Many managed cloud infrastructures are built on older, managed hosting business models. Look behind their curtain of “state-of-the-art” cloud offerings and you’re likely to find inflexible and costly legacy business structures, tooling, processes, and skillsets. You’ll also find proprietary technologies with high license costs, support fees, and other expenses. Why should you have to pay for their legacy investments?

Ask your prospective cloud provider if it embraces the movement toward the new generation of technologies that don’t shackle them (and you) to costly vendors. Open source cloud technologies like OpenStack, Linux, and Kernel-based Virtual Machine (KVM) are ideal for many core functions and eliminate the “proprietary software tax.”

Cloud providers also need to adopt new technologies that build on these open source frameworks, leveraging their flexibility to maximize efficiency, reliability and automation. This is crucial for delivering basic cloud infrastructure services at a lower cost, and for enabling sophisticated services such as the dynamic fault tolerance discussed above.

Open source cloud technologies are still maturing. But managed cloud providers that begin to adopt new, more efficient approaches to delivering services will be better positioned to serve your needs as the technology continues to advance.

3. Can they deliver the advanced infrastructure services you truly need?

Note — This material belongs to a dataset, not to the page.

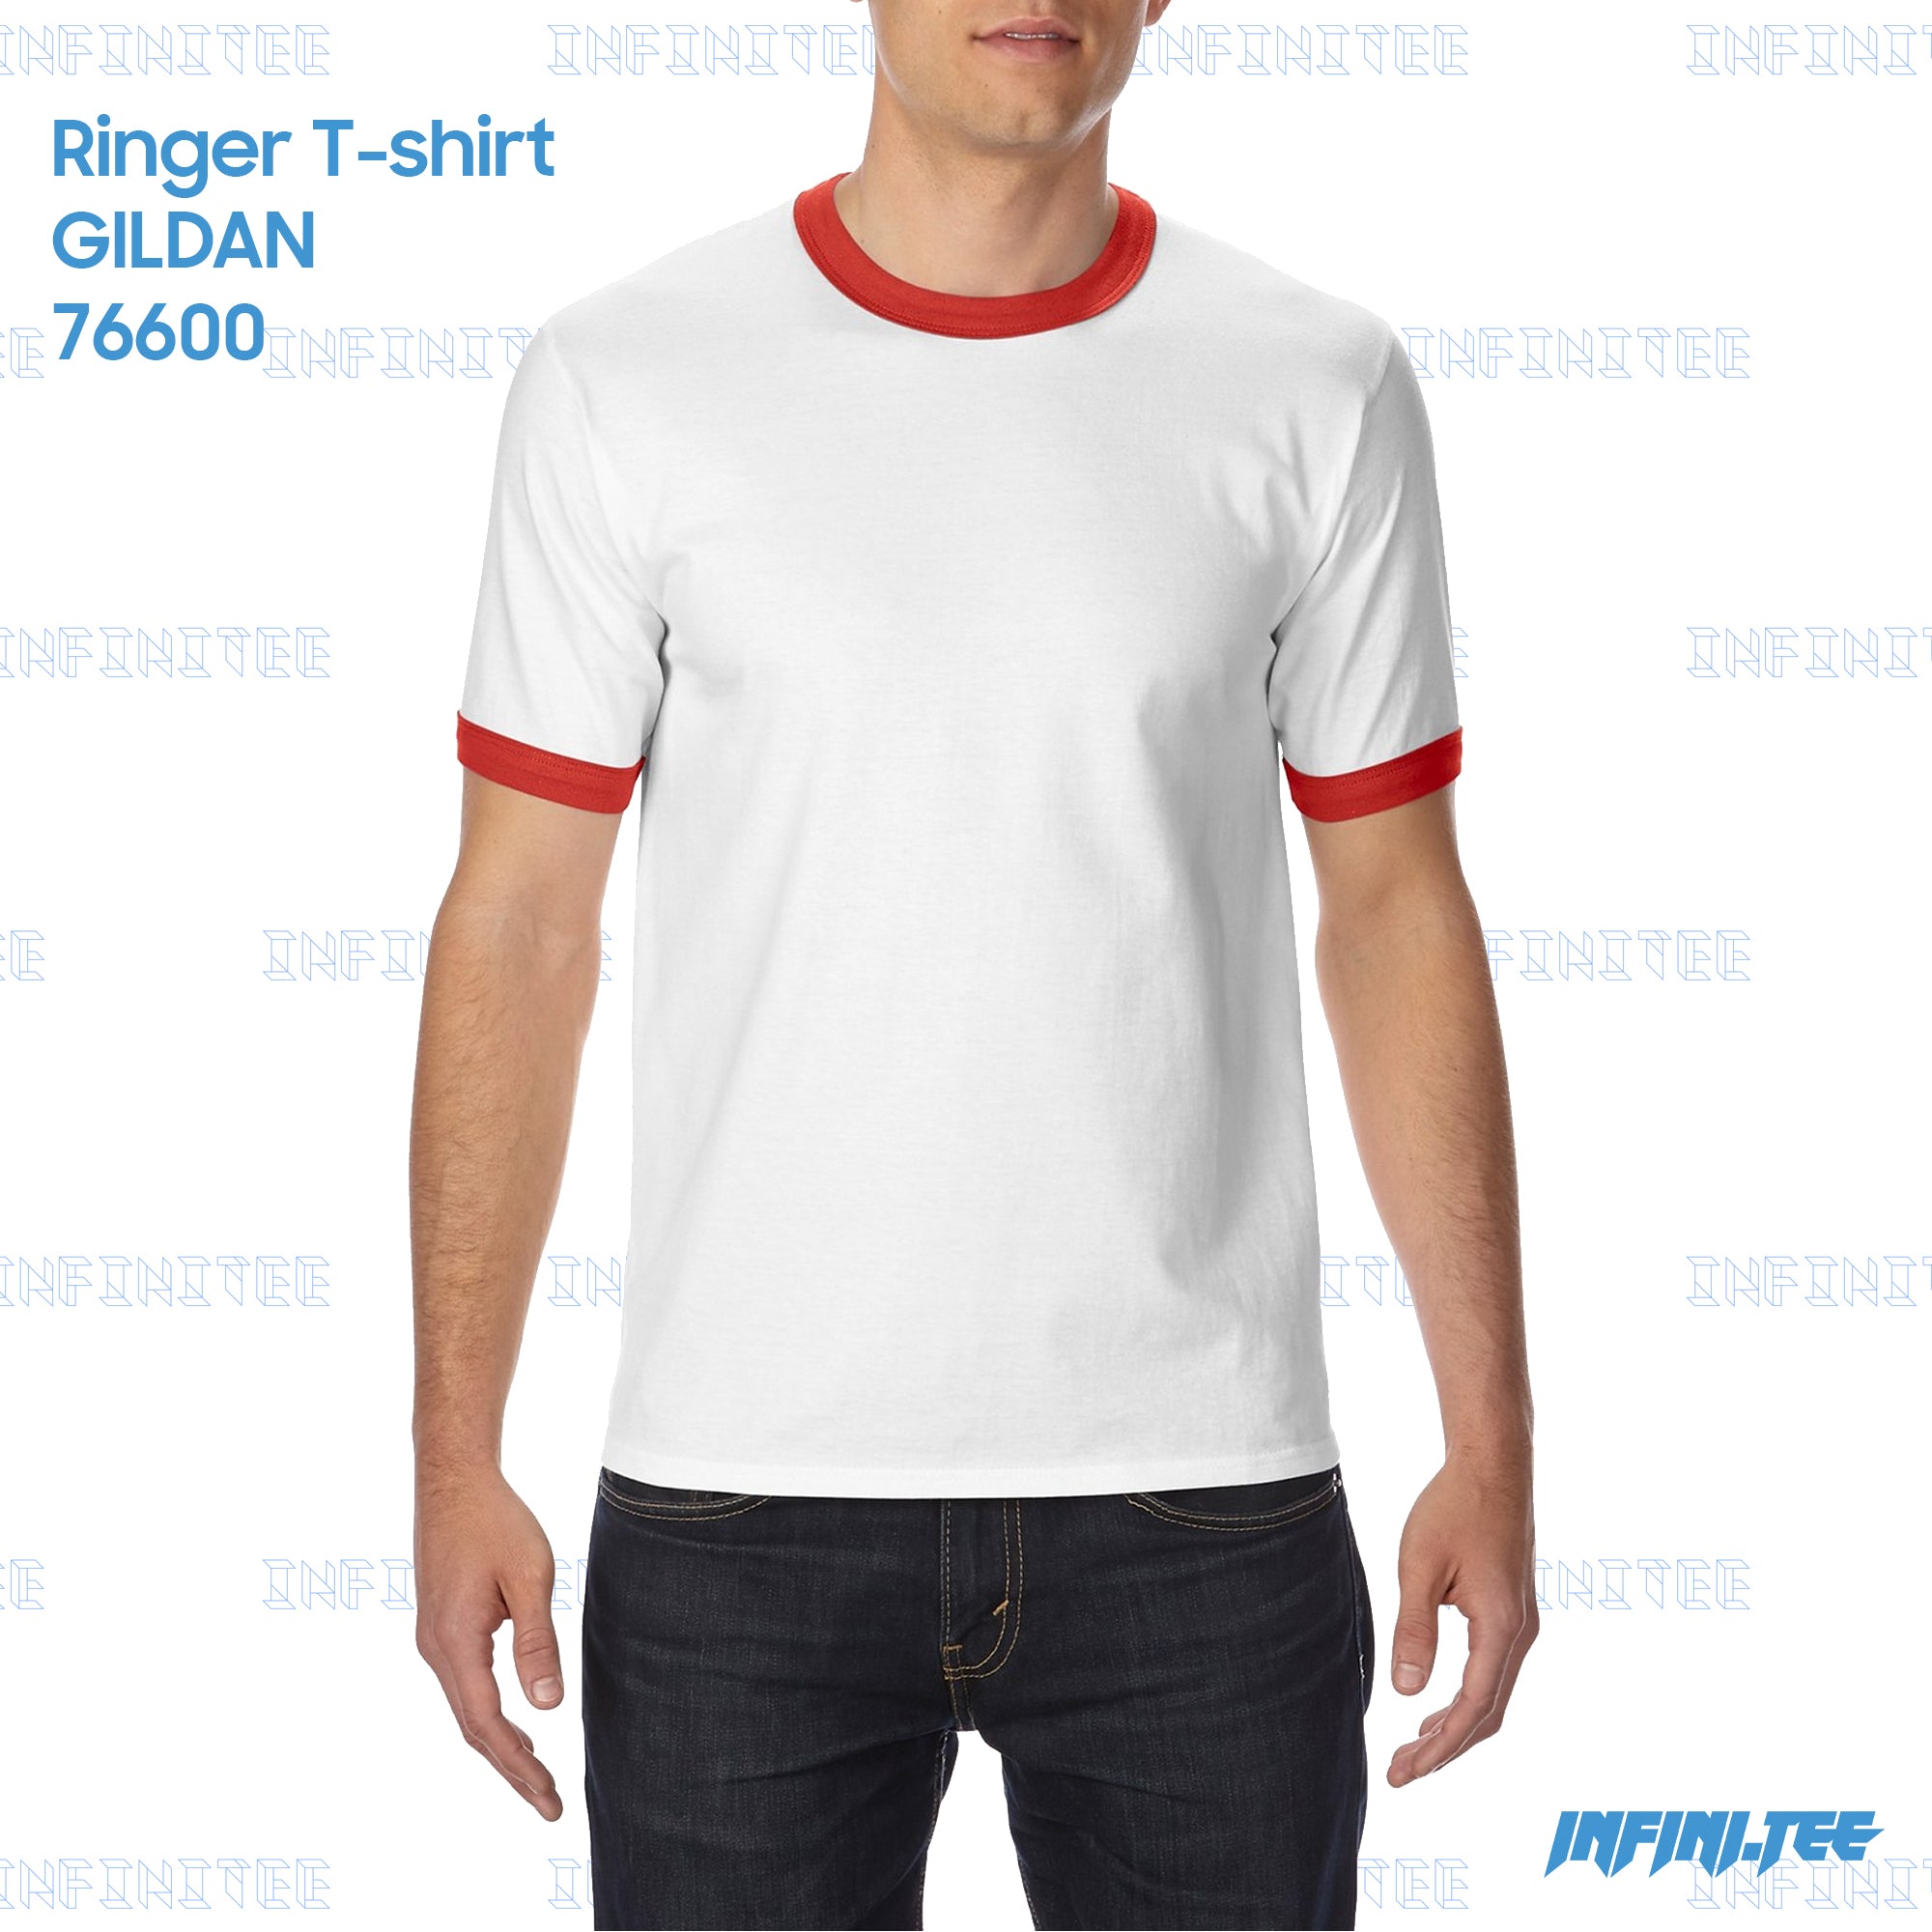 RINGER T-shirt 76600 GILDAN - WHITE/RED

In an attempt to differentiate themselves from “commodity” cloud providers like Amazon and Google -- and to justify their premium prices -- many managed cloud providers are bundling in value-added applications along with their IaaS offerings. But do you really want or need a database app from your cloud provider? Moreover, is it even possible for them to offer an application that will meet everyone’s needs?

Don’t be distracted by this strategy. Instead, focus on their core cloud infrastructure offering and whether it delivers the capabilities you really need. Perhaps the question you should ask is: Are they able to offer a true, fault-tolerant level of availability and/or a guaranteed SLA? Providers who make the right technology investments -- as described above --  should be able to answer “Yes.” If not, you may want to look elsewhere.

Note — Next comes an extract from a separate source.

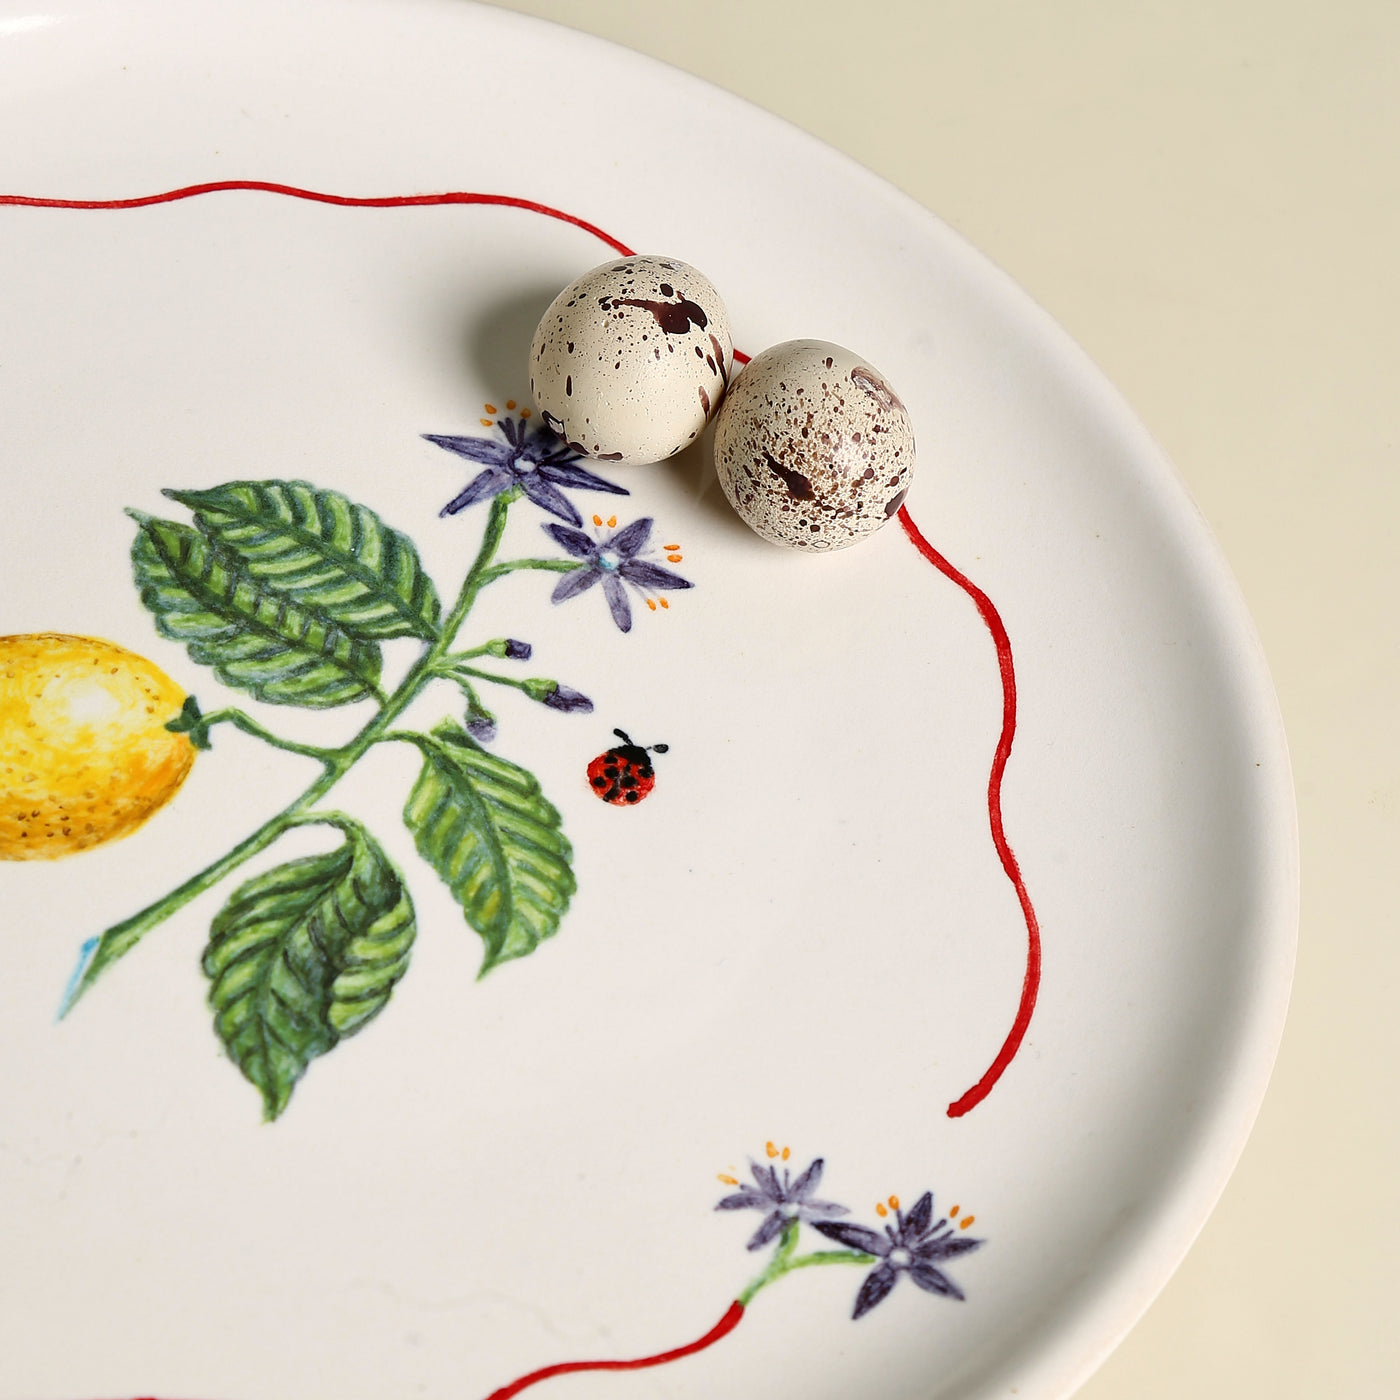 Summer Harvest Lemon Dinner Plate with ladybug detailing and lemon vine from Terravida

The good news is that there are viable options for outsourcing your enterprise’s cloud infrastructure services. But as with any decision touching the “crown jewels” of your enterprise -- your business-critical applications -- you need to ask the right questions. Going beyond claims and getting a clear picture of any prospective managed cloud provider’s environment and business model could be the difference between a strategic IT coup and a career-impacting mistake.

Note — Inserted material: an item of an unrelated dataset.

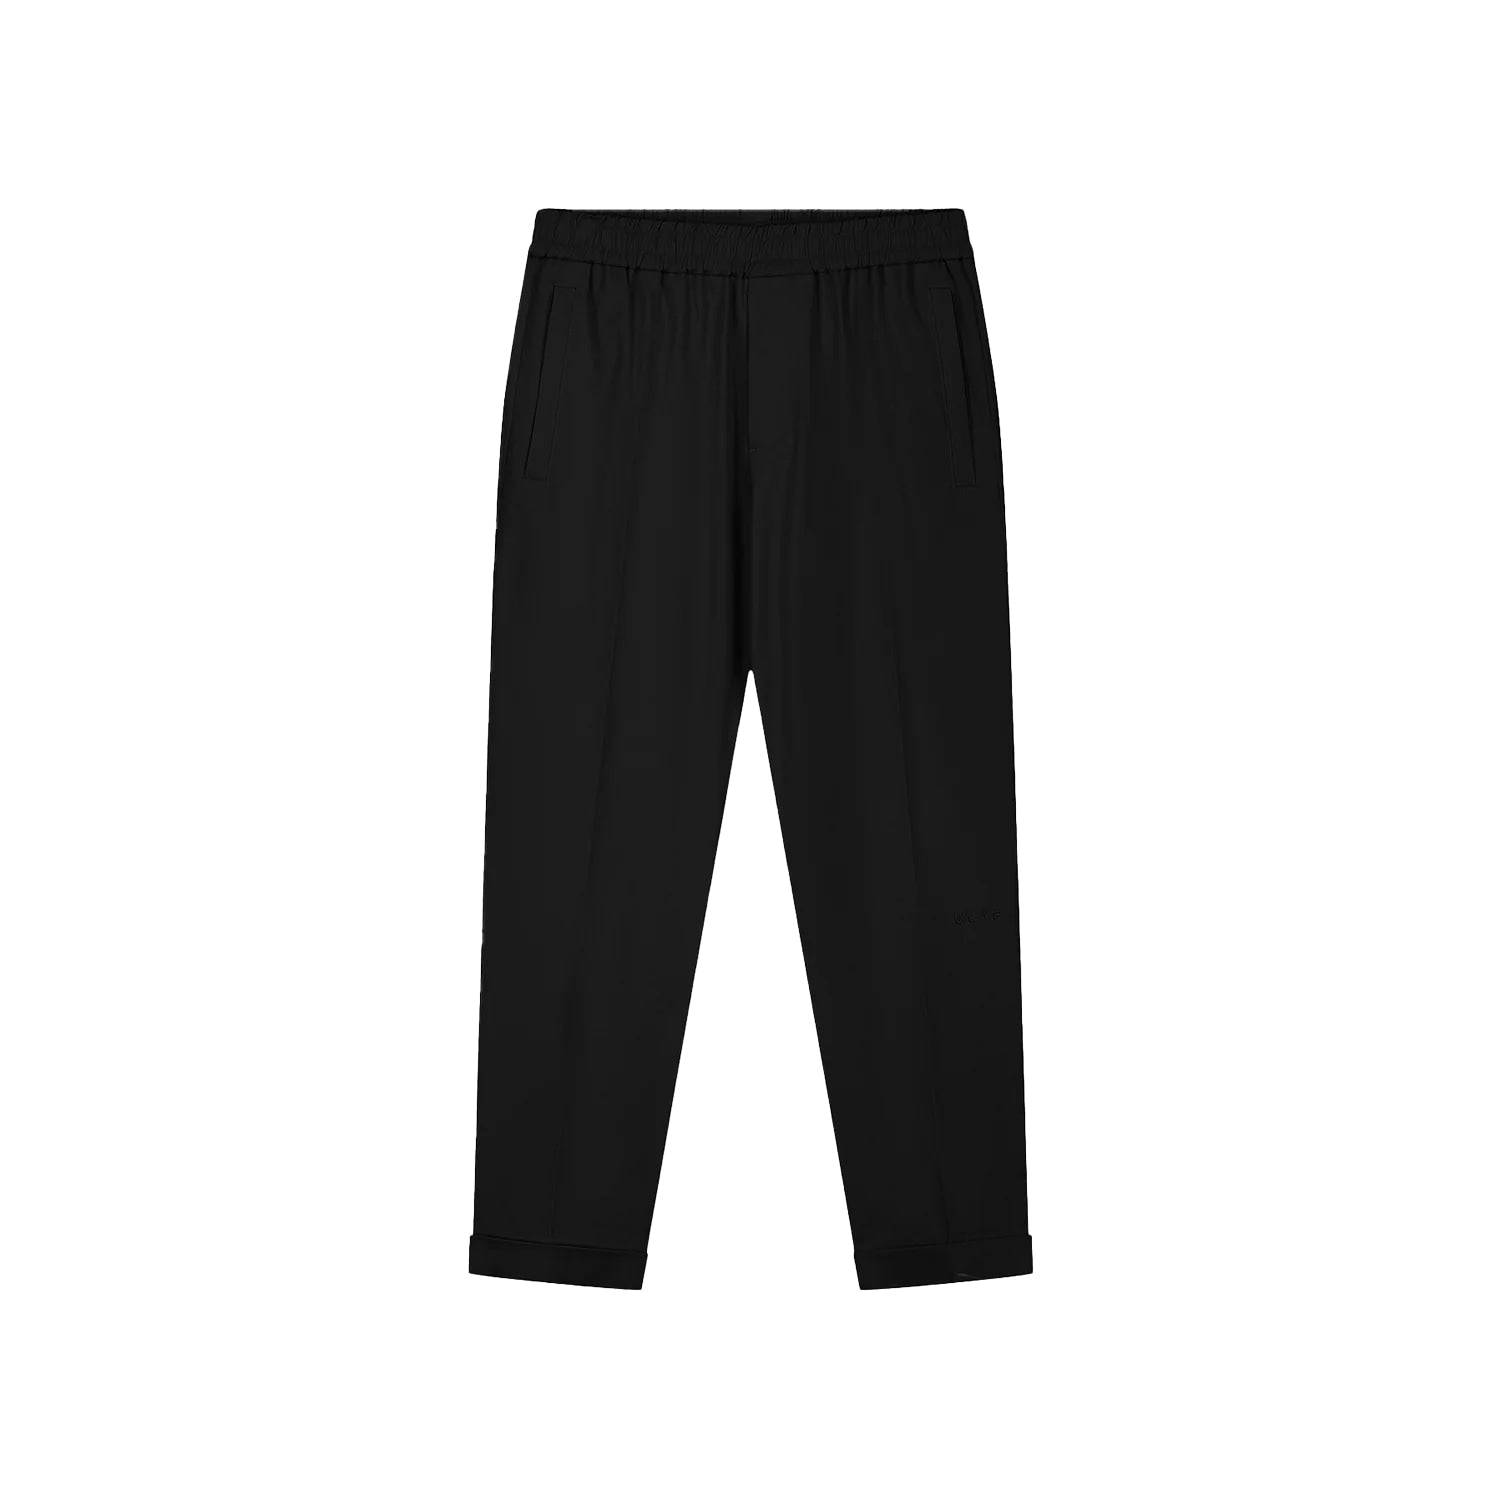 olaf_olaf slim cotton trousers_black_3_4

Choosing a cloud provider that embraces new ideas, new approaches and new technologies will position your enterprise to tap the full potential of the cloud to drive business agility and growth. And that’s success no one can question.

About the Author(s)

Jason Andersen

Vice President, Business Line Management, Stratus TechnologiesJason Andersen is Vice President of Business Line Management and is responsible for setting the product road maps and go to market strategies for Stratus products and services. Jason has a deep understanding of both on-premise and cloud based infrastructure for the industrial internet of things (IIoT) and has been responsible for the successful market delivery of products and services for almost 20 years. Prior to joining Stratus in 2013, Jason was director of product line management at Red Hat. In this role, he was responsible for the go to market strategy, product introductions and launches, as well as product marketing for the JBoss application products. Jason also previously held product management positions at Red Hat and IBM Software Group.